Элоди всё же надеялась, что Лоретт скоро образумится.

Она размышляла об этом на парковой скамье, занявшись рукодельем, и не заметила, что Этьенн, сев неподалеку, внимательно разглядывает её. Веки её были опущены над вышиванием, она была погружена свои мысли, и ему ничего не стоило внимательно рассмотреть её лицо. Он понял, что перед ним — не смазливая хохотушка, и не милая и добродушная красавица, внешность её отталкивала и манила одновременно. Впалые щеки делали лицо узким, но в этом было что-то завораживающее. Он понял, почему она показалась сестре «монашкой» — в ней было отрешённое спокойствие и холодная красота статуи. Он долго рассматривал красивый небольшой рот и классически ровную линию носа, слишком крупные для этого лица выпуклые веки. Да, понял он, Элоди была редкой красоткой, но чтобы увидеть эту необычную и утончённую красоту, нужно было обладать достаточно нетривиальным вкусом.

Пока Этьенн смотрел на неё, в нём не шевелилось никакой чувственности, но вспомнив её ночное купание, он почувствовал, что возбуждается. Как получить эту девицу? Этьенн давно уже не хотел женщин, наслаждение притупилось, он был пресыщен и утомлён легкими победами, ночными оргиями и безудержными излишествами, но вчерашняя ночь что-то изменила. Он чувствовал не похотливое желание самца, но влечение мужчины, стремление покорить сердце, насладиться её любовью, нежным взглядом, восторженным обожанием. Он получит её. Влюбленная Лоретт не имела в его глазах никакой цены, но эта ледяная Галатея оживёт в его руках.

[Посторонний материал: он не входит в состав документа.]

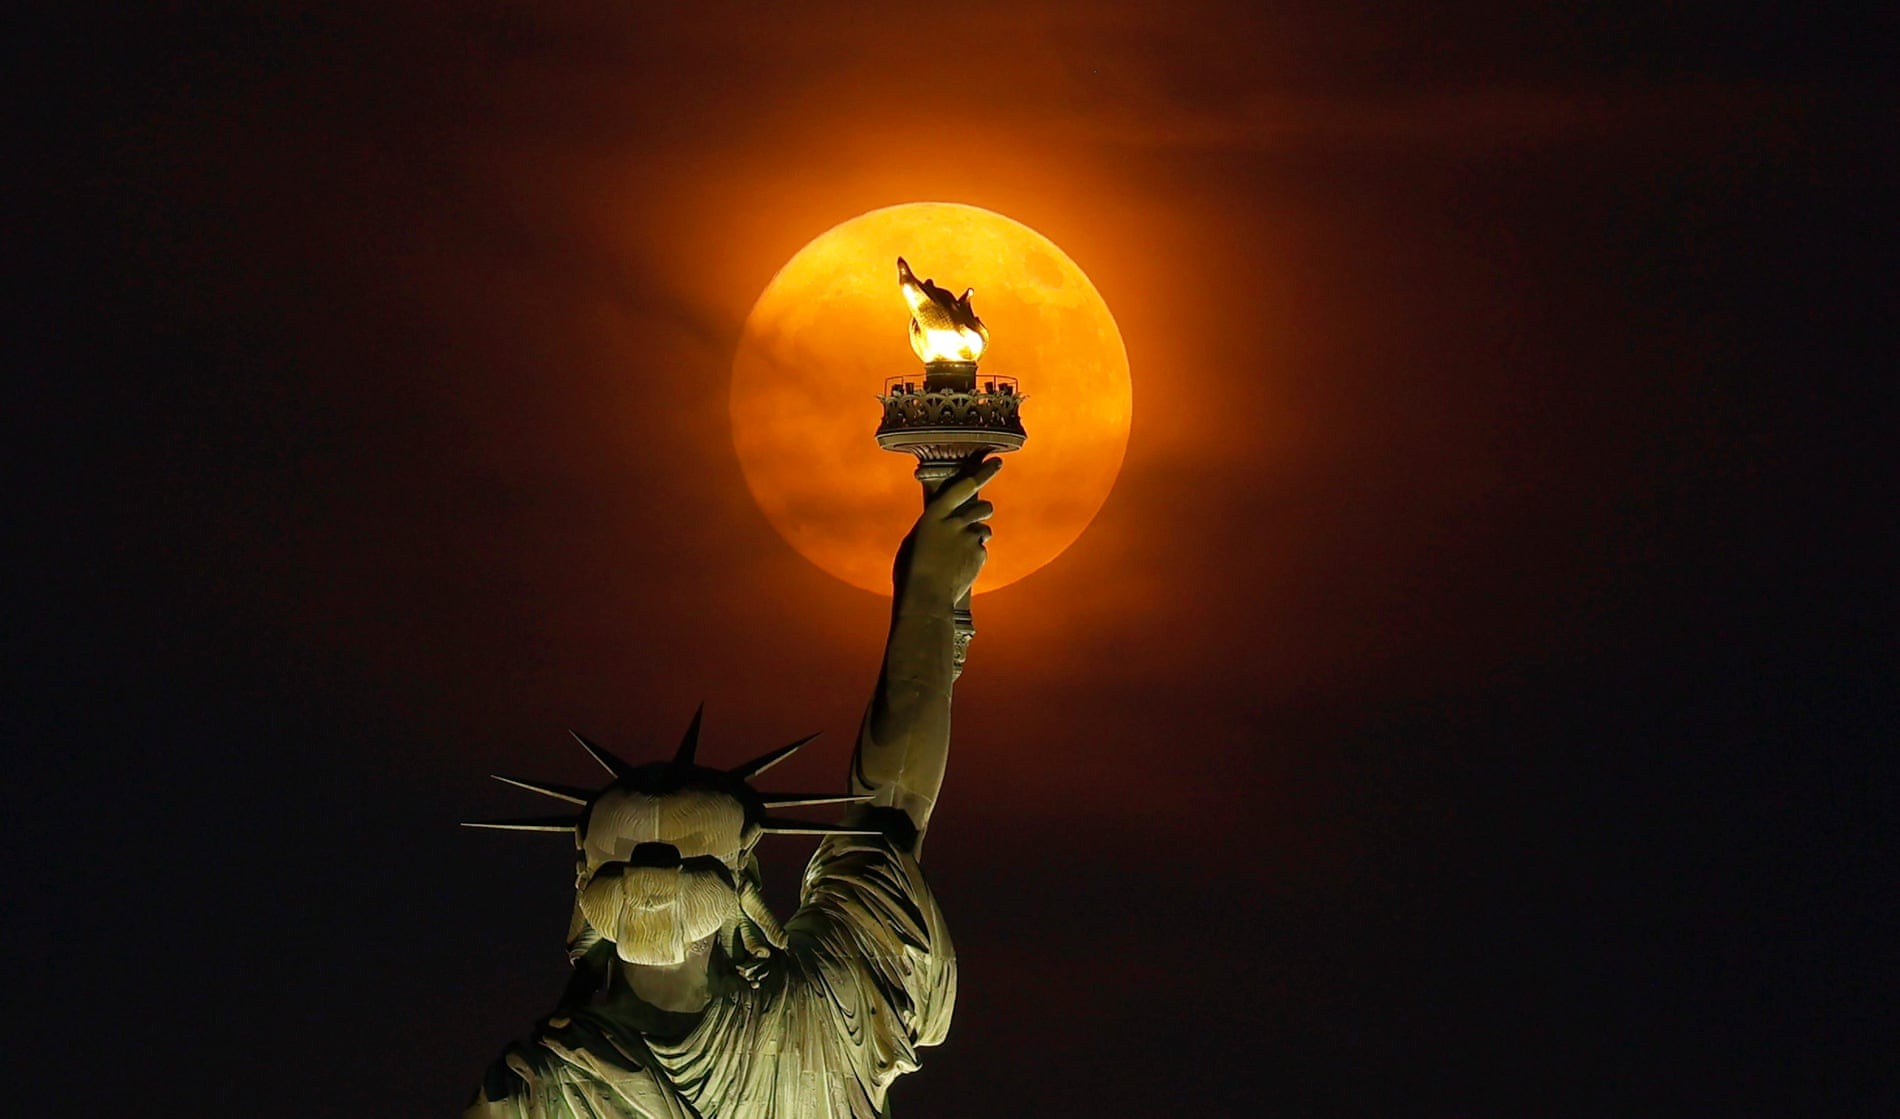 Siêu trăng mọc qua màn sương mù phía sau Tượng Nữ thần Tự do ở thành phố New York, Mỹ. (Ảnh: Getty Images)

Мысли привычно заскользили по избитой тропе, опыт распутства готов был услужливо подсказать возможности. Внезапно Этьенн вспомнил её взгляды, которые он иногда ловил на себе в прошедшие дни. Ему казалось, что она ревнует и сердится. Что ж, тем лучше. Не сказать ли ей, что он не мог ответить на любовь её сестры, потому что сразу влюбился в неё? Но, поразмыслив, решил не торопиться. Надо внимательно присмотреться к её поведению, прислушаться к словам, так он сможет действовать безошибочно. Этьенн почувствовал прилив сил и одновременно что-то неопределимое, но гнетущее навалилось на него. Он не сразу понял, что это, но когда пришёл в обеденную залу и увидел Клермона, помрачнел. Он замыслил непотребное, подумал он. Стоит ли? Этьенн ещё раз бросил взгляд на Элоди.

Стоит. Он возжелал эту девицу, как Давид Вирсавию, и он получит её.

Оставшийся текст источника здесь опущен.